For squatter control purposes, the urban area is divided into three districts (Hong Kong Island, Kowloon and Kwun Tong) each of which is under the charge of a Resettlement Officer and is divided into two sections with an Assistant Resettlement Officer in charge of each. Sections are sub- divided into patrol areas which are the responsibility of Resettlement Assistants and their supporting staff of gangers and labourers. The Resettlement Assistant is required to know his patrol area intimately, no easy task when an area may contain from 1,500 to 2,000 structures and between 6,000 and 15,000 people, and covers anything up to 3,000 acres of hilly ground.

The function of the patrolling Resettlement Assistant is basically to see that his area remains "frozen", that is, that no unauthorized new building takes place. Structures which are presumed to have been erected before August 1954 or which have since been expressly "tolerated" following subsequent surveys, the last of which was in 1964, are specially marked and records are kept of them. Tolerated structures, as the name implies, are allowed to remain undisturbed until they have to be demolished to make way for permanent development, when the occupants are resettled into the estates. When a Resettlement Assistant finds an entirely new building or an unauthorized extension to a tolerated structure, he tries to persuade the owner to demolish it. If the owner fails to do this (as happens more often than not), the building is demolished by the department and the confiscated building materials may subsequently be used to help the poorer squatters in building huts in licensed areas.

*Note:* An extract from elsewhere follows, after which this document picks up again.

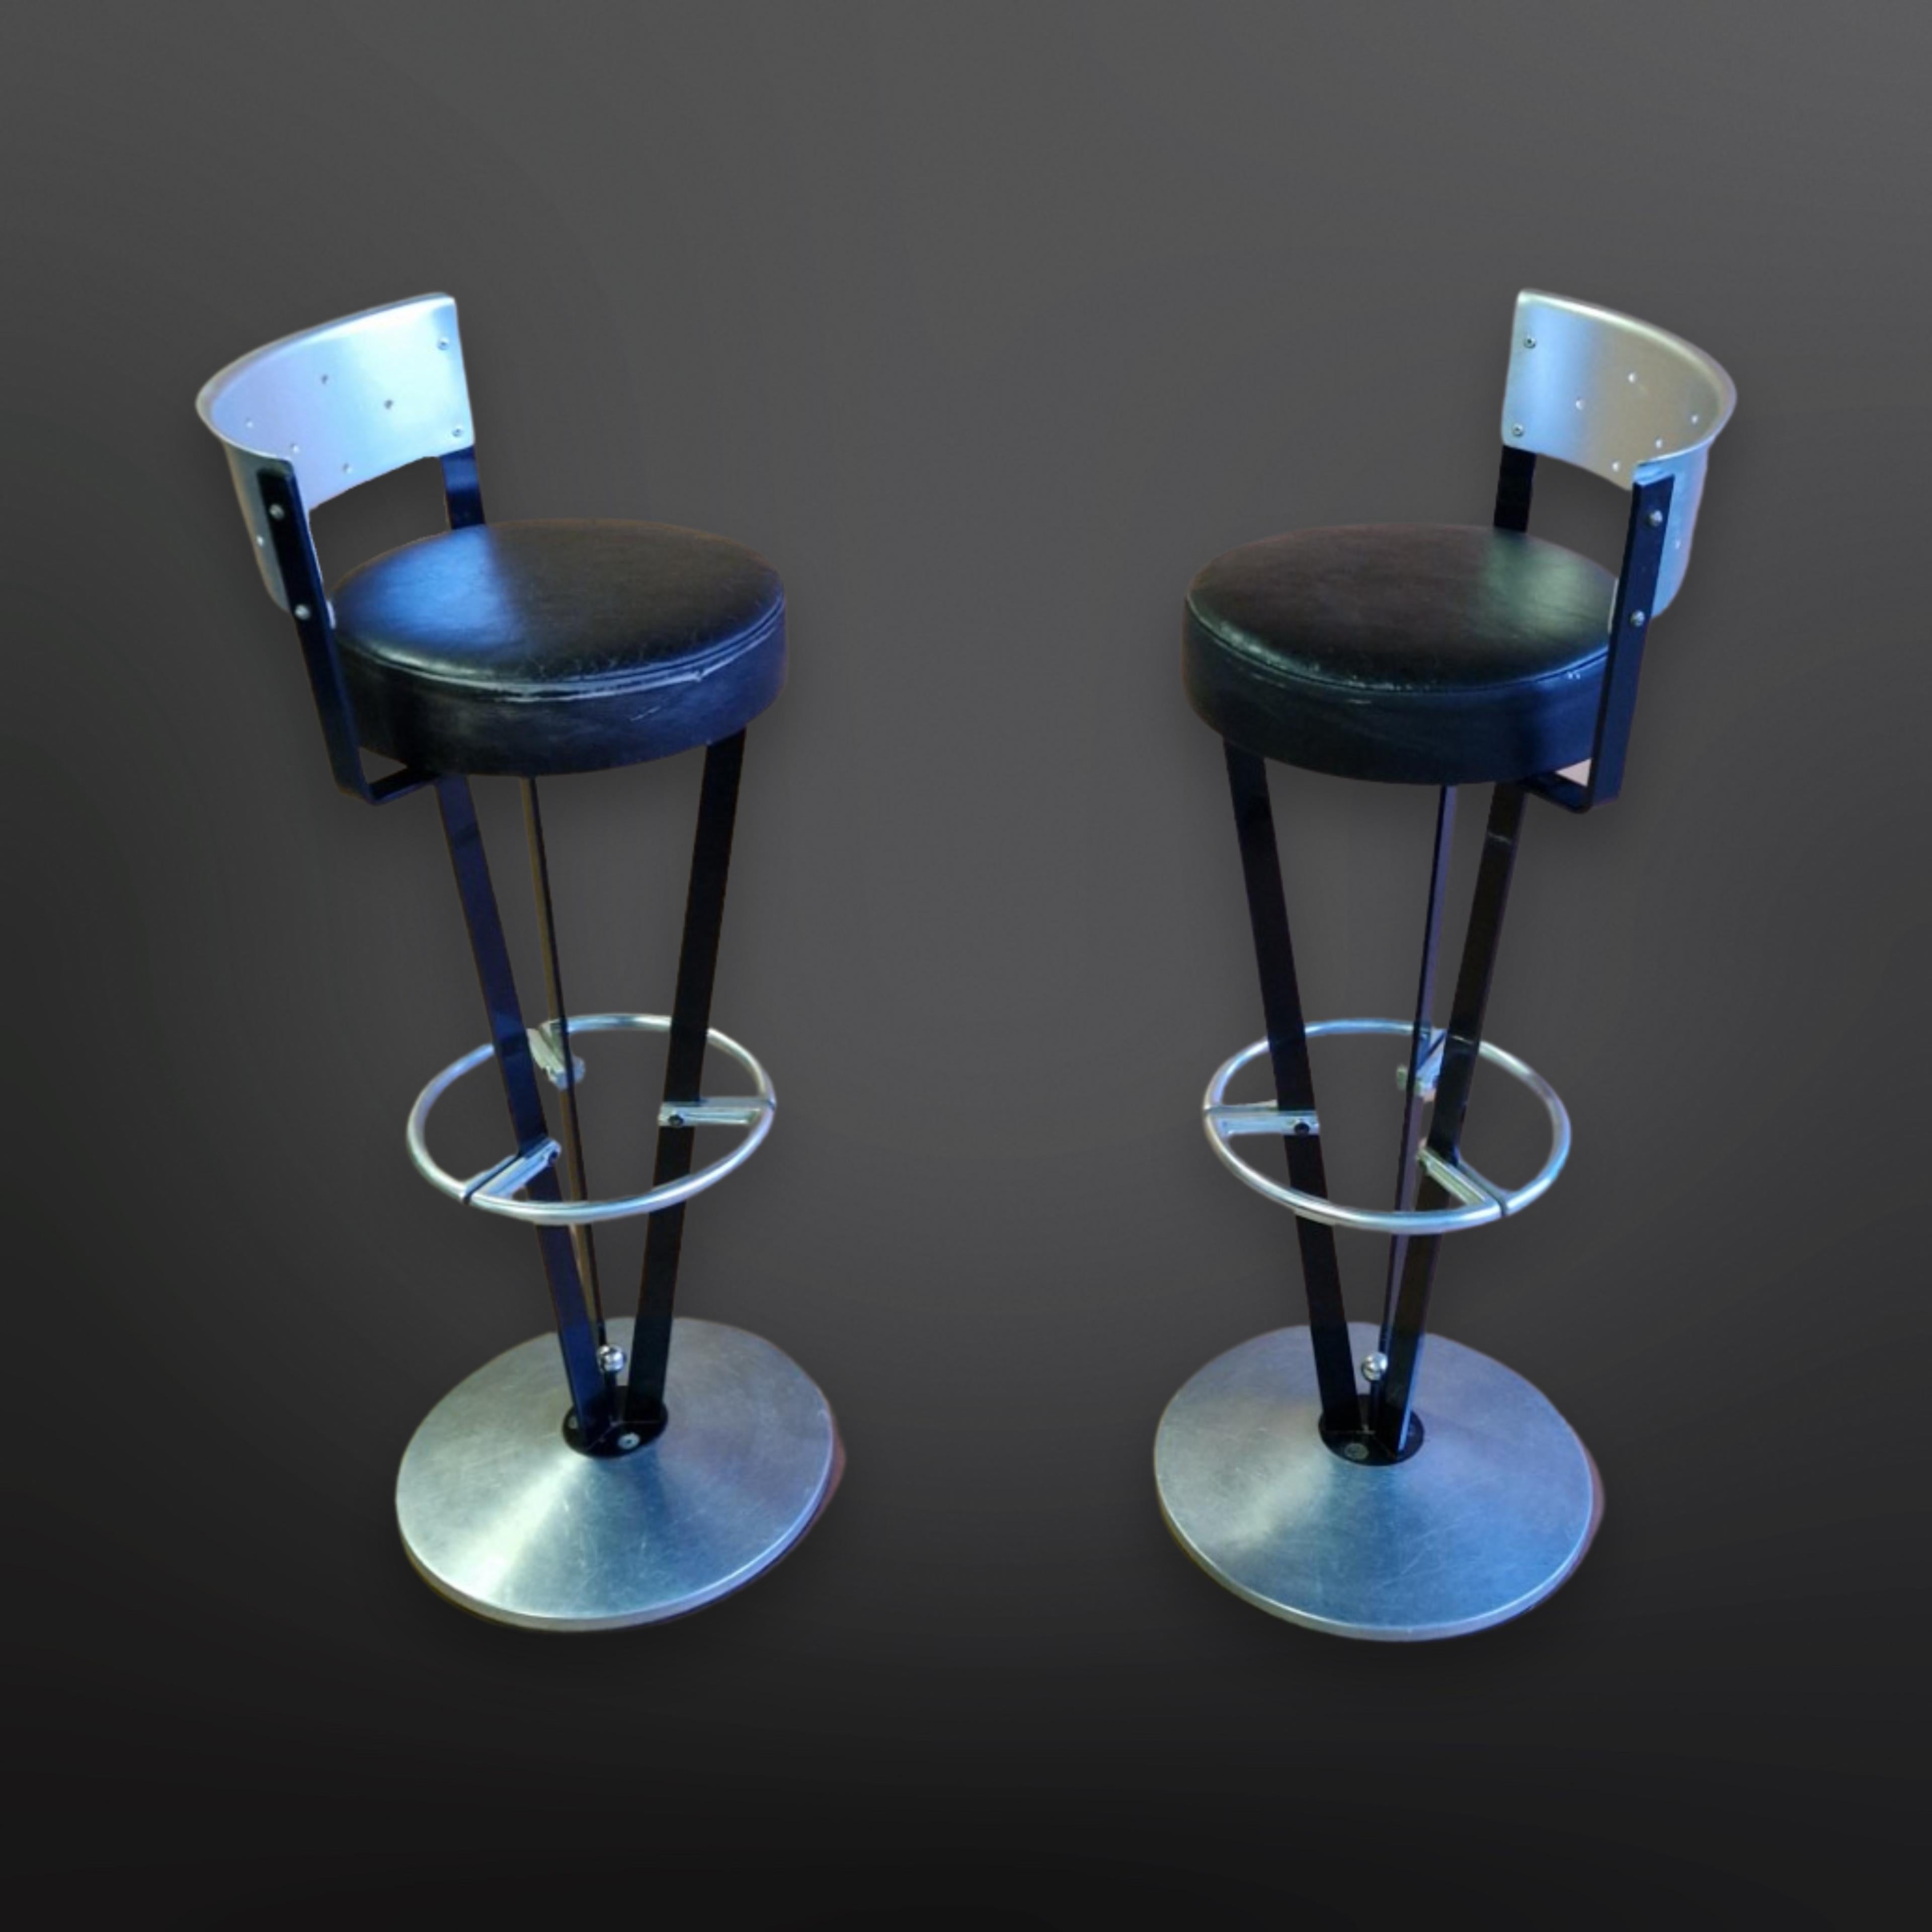 Set of 2 post modern design bar stools. Made from steel, aluminium and leather. The seat height measures 79cm and the height of the backrest is 95cm. Good vintage condition with user marks and a patina consistent with age and use. Designed in the

During the calendar year ending December 1970, a total of 12,010 new or re-erected structures or extensions to tolerated ones were demolished by the Resettlement Department's Squatter Control staff, and another 3,428 were dismantled by their owners. 423 of these were on the roofs of permanent buildings. It may be of interest that corresponding figures for previous years are not very different. For example in 1969, 11,974 structures or extensions were demolished by Squatter Control staff and another 4,224 were dismantled by their owners and the corresponding figures for 1968 were 11,140 and 4,134 respectively.